Interior and exterior design of the pelagic tuna longliner shofukumaru, operated by Usufuku Honten in Kesennuma City, a city in the Tohoku region. Its weight totals at 486 tons, with a capacity for 23 crew members. To catch bigeye and bluefin tuna, the crew spends 10 months of hard labor at sea, where mental and physical stress is generally said to result in a turnover rate exceeding 50 percent among its younger crew. And so, the request was to design a fishing vessel that contributes to relieving the stress and attracts the young members.
For the exterior design, the inherent beauty of the ship’s form was accentuated with a linear pattern emphasizing the hull’s curvature. Usufuku’s trademark, consisting of what is called a Chigai-yama (mountains), Hoshi (star), Ichi (one) was deconstructed, and reconstructed into a quintessentially Japanese graphic pattern. The pattern is repeated in various forms, including the onboard flooring, to unite the interior with the exterior.
The interior is also designed with straight lines. The idea was conceived from the notion that our species, not originally accustomed to spending long periods of time at sea, might be comforted by linearity reminiscent of life ashore: the straight lines of buildings, windows, doors, and smartphone and TV screens. Striped joints and rectilinear openings were mainly employed while maintaining curved surfaces in necessary locations to ensure safety, and indirect lighting that provides a sense of serenity and security also falls in straight lines.
Another issue recognized at this time was how to develop unevenness. As seen in hospital interiors, environments focused on functionality tend to be homogenous spaces, in which at times causes psychological stress for users. To avoid this, the abovementioned patterns, stripes, and materials were scattered at random and in moderation, to create spaces with different characters that the crew will not be bored with.
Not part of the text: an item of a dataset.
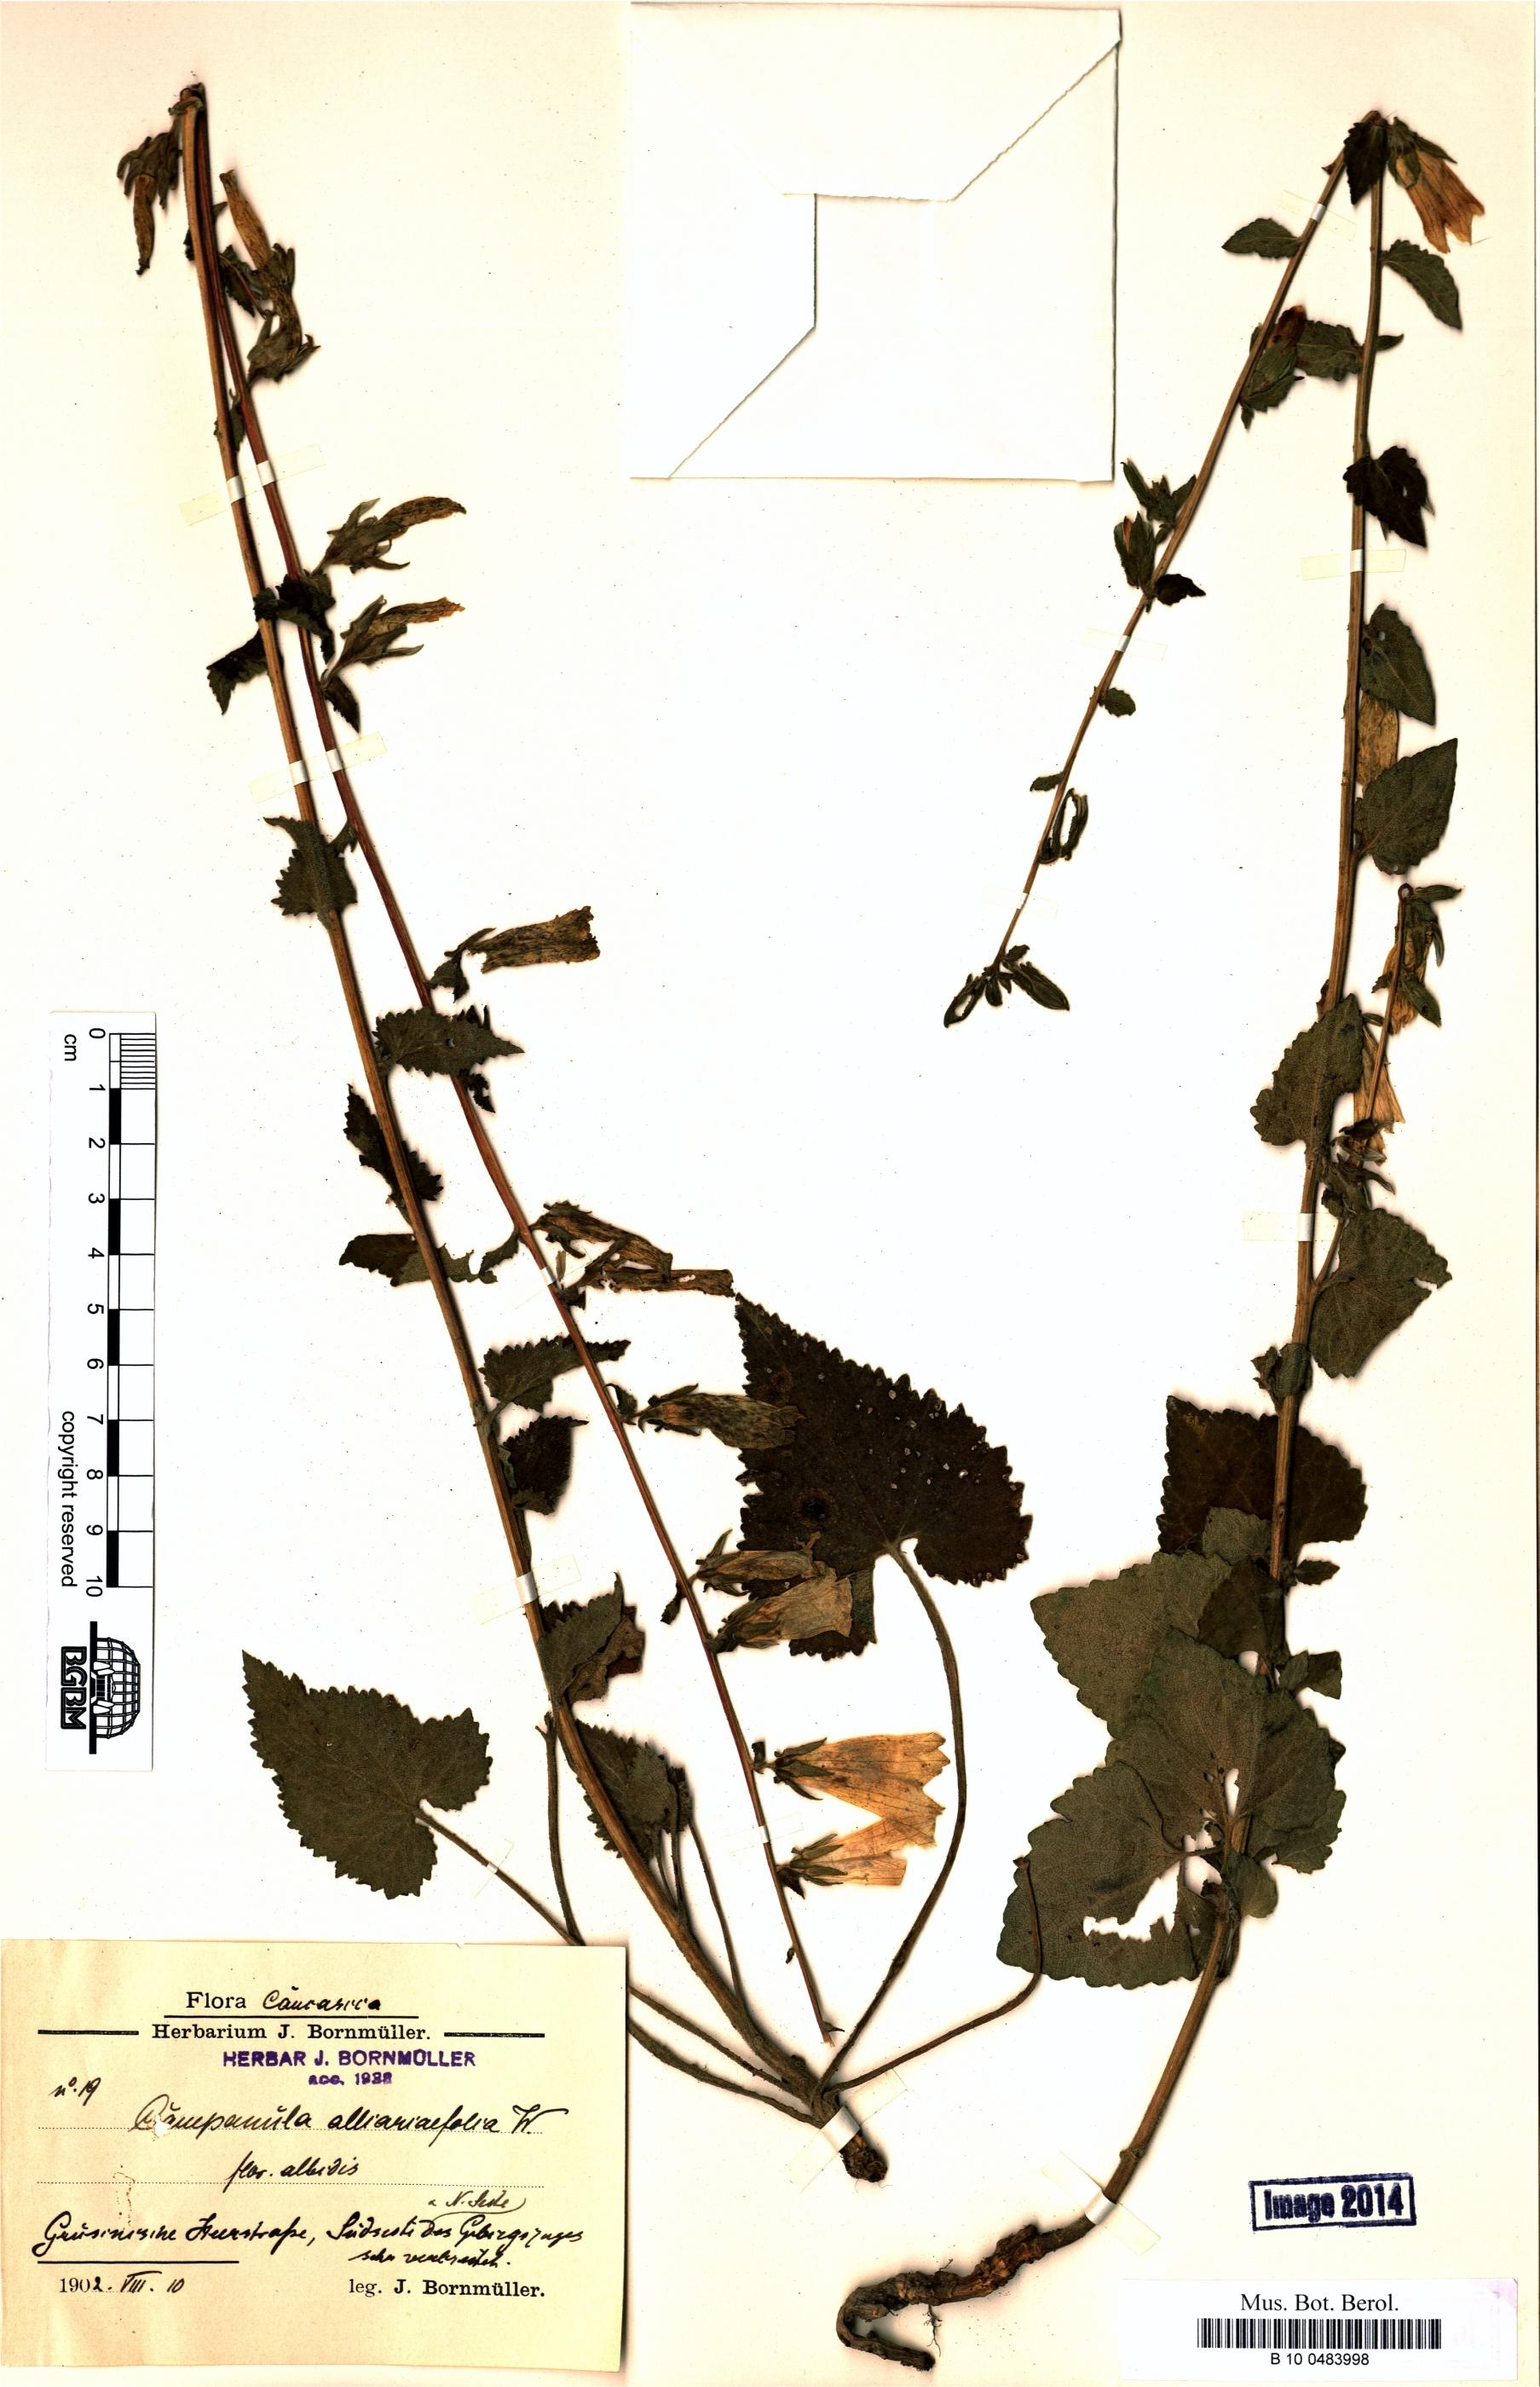 http://ww2.bgbm.org/herbarium/images/B/10/04/83/99/B_10_0483998.jpg

The last accentuating element of the design was massiveness. This also was aimed to distract the state of constant floating by designing furniture with heft—thicker-than-average tabletops and stump-like stools seemingly rooted in the floor.
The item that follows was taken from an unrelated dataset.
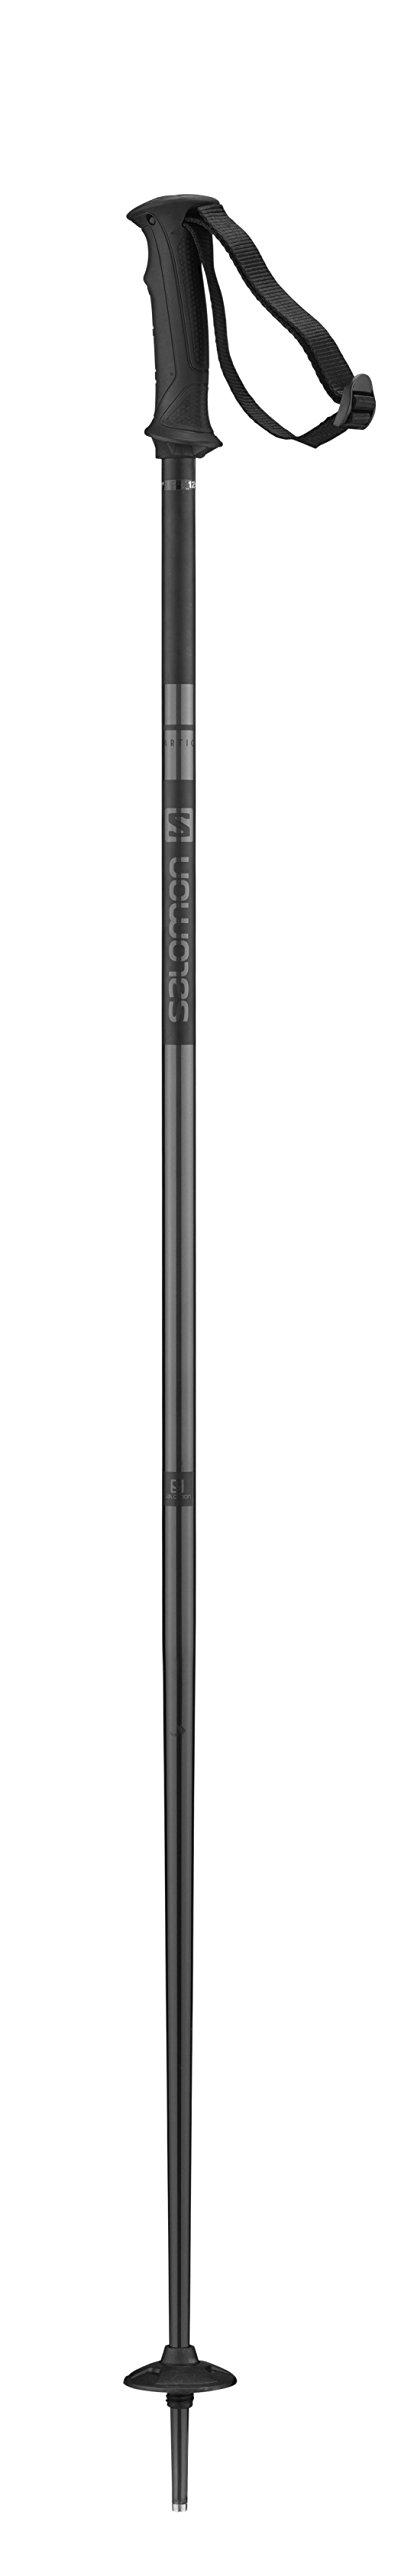 Salomon Arctic, 130, Black by Salomon

With the three keywords—straight lines, unevenness, and massiveness—the design focused on incorporating the sense of security on solid ground. Lastly, the vessel is fully equipped with a Wi-Fi system—the first on a domestic tuna fishing vessel—and an increased per-person occupancy area along with a higher ceiling than the conventional interior. Further, a design aimed at alleviating the crew’s physical and mental burdens was achieved by installing slopes to facilitate the smooth transition of tuna into the hold, among various other functional improvements.